Plaintiff Gurminder Singh of Vacaville, Calif., who is seeking class-action status for his suit, said he had been paying Google for online advertising since 2008, but early last year he began to suspect his ads were being “fraudulently manipulated” by third parties.
An unusual number of clicks led to no “conversion,” or follow-through, such as an online purchase or a call to a business, Singh claimed.
Singh said he had started advertising with Google after he learned through his research that the Mountain View digital-advertising powerhouse “promises to protect consumers from fraudulent clicks.”

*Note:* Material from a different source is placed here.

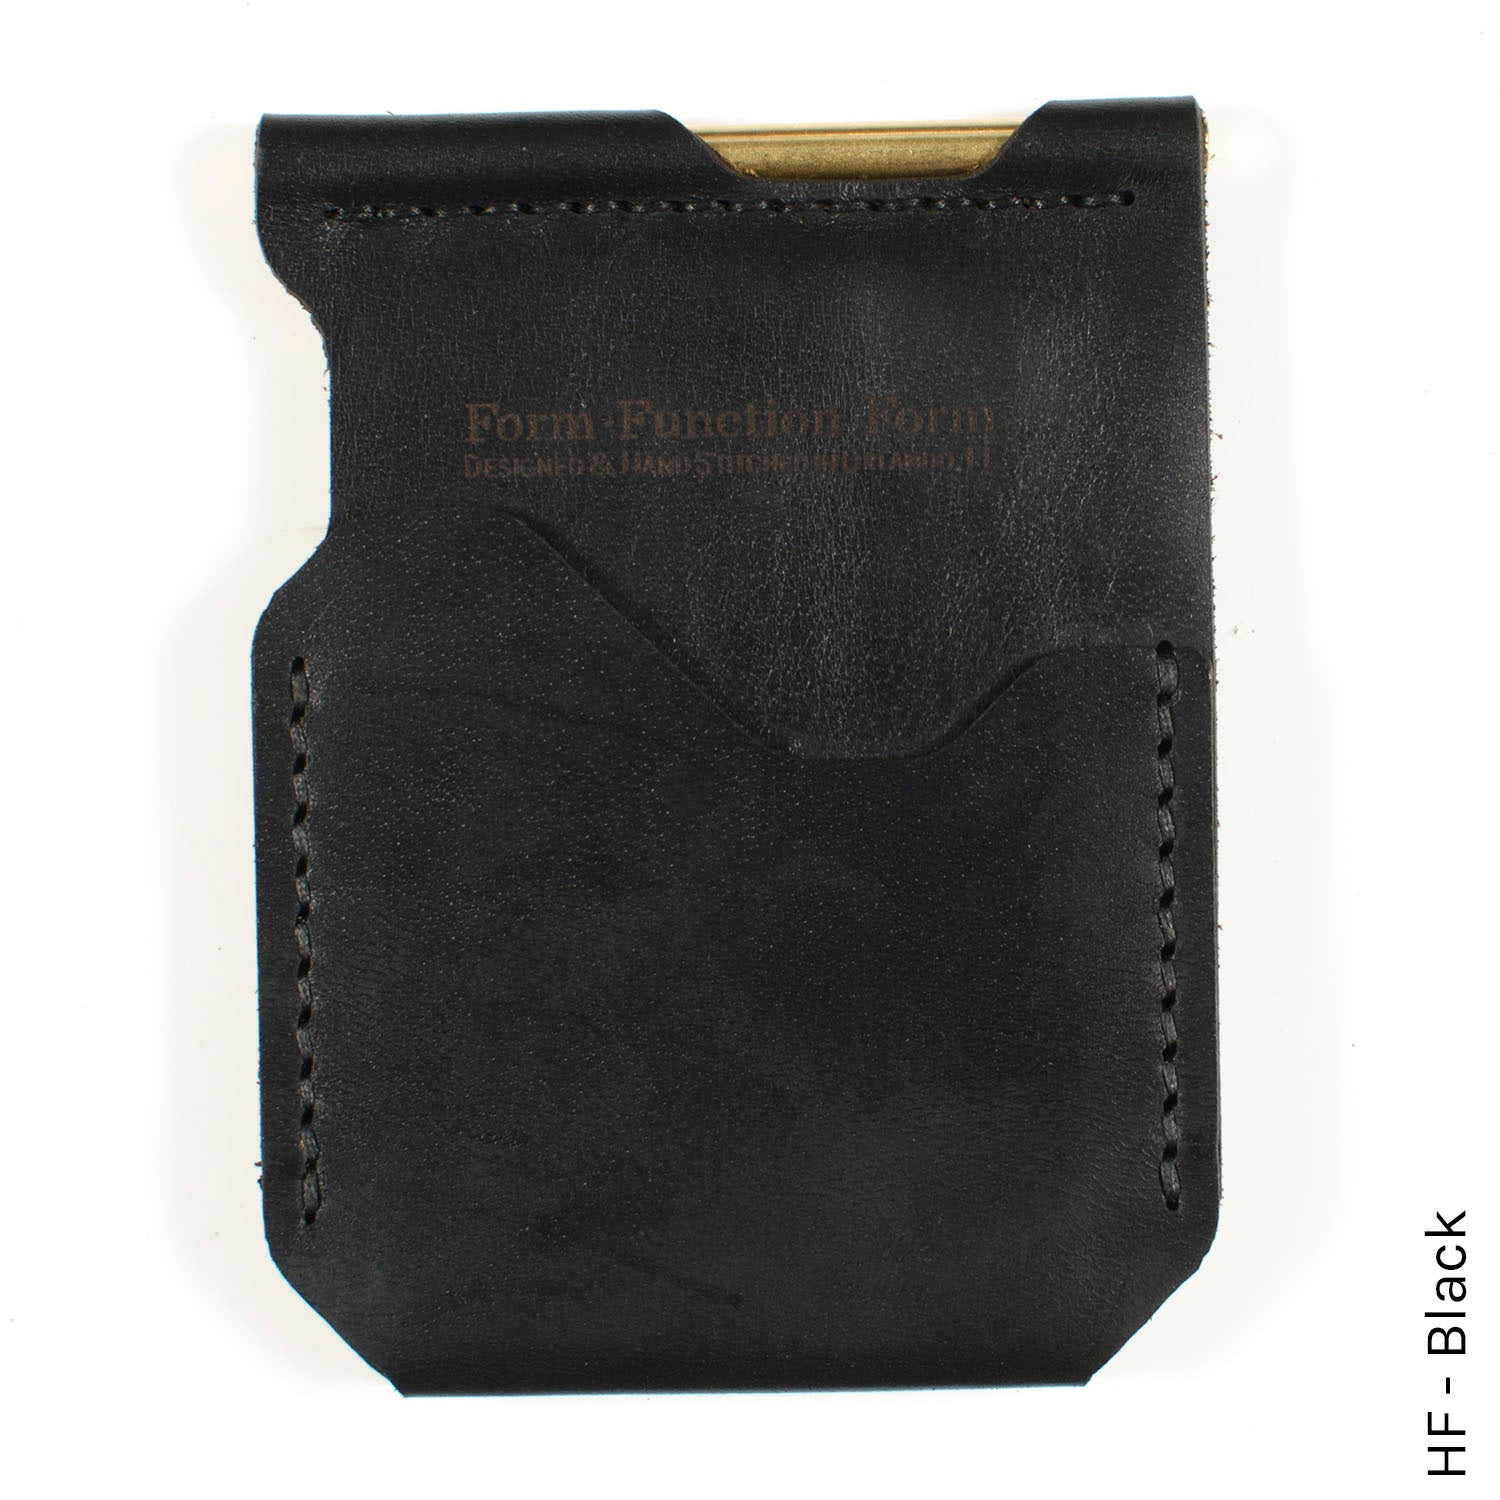 Natural Money Clip Wallet: Quality Leather with Lifetime Guarantee

Fake clicks are a problem for advertisers, who get charged by Google according to the number of times an ad is clicked.
Fraudulent clicks may originate from competitors hoping to drive up rivals’ costs, or from the owners of websites publishing pay-per-click ads, who make more money the more those ads are clicked.
The lawsuit points toward “click farms” — groups of workers paid very little to click on ads — and “click bots,” or software programs that do the clicking.
Google, Singh said in his complaint , told customers that it catches the “vast majority” of invalid clicks, and that fake clicks accounted for fewer than 10 percent of all AdWords hits.
However, he claimed, “Google has a very limited incentive to reduce third-party click fraud, because it, like the third-party website publisher, benefits from each additional click, even if such click is fraudulent.”
Google’s failure to deal with click fraud “has increased its profits by billions each and every year,” Singh claimed.
To test whether there was substance behind his suspicions, Singh designed an experiment in which he twice created both a real ad and a gibberish ad and compared the number of clicks received.
Results for his ad touting “Excellent Graphic Designs Local USA Artist Designs Custom Made Wedding Invites” were compared to those from “Welder b-tonis Welders we’ll take your left over B-tonis and produce nice designs.”
The real ad got 68 clicks, the fake ad 64, delivering a fraudulent click rate of 48 percent, Singh claimed.
Google, on a web page about invalid clicks, says it uses automated systems to filter them out, and investigates any complaints from advertisers.
Singh had filed the lawsuit in July. This month he learned that San Jose U.S. District Court Judge Beth Freeman wasn’t going to allow his experiment as evidence.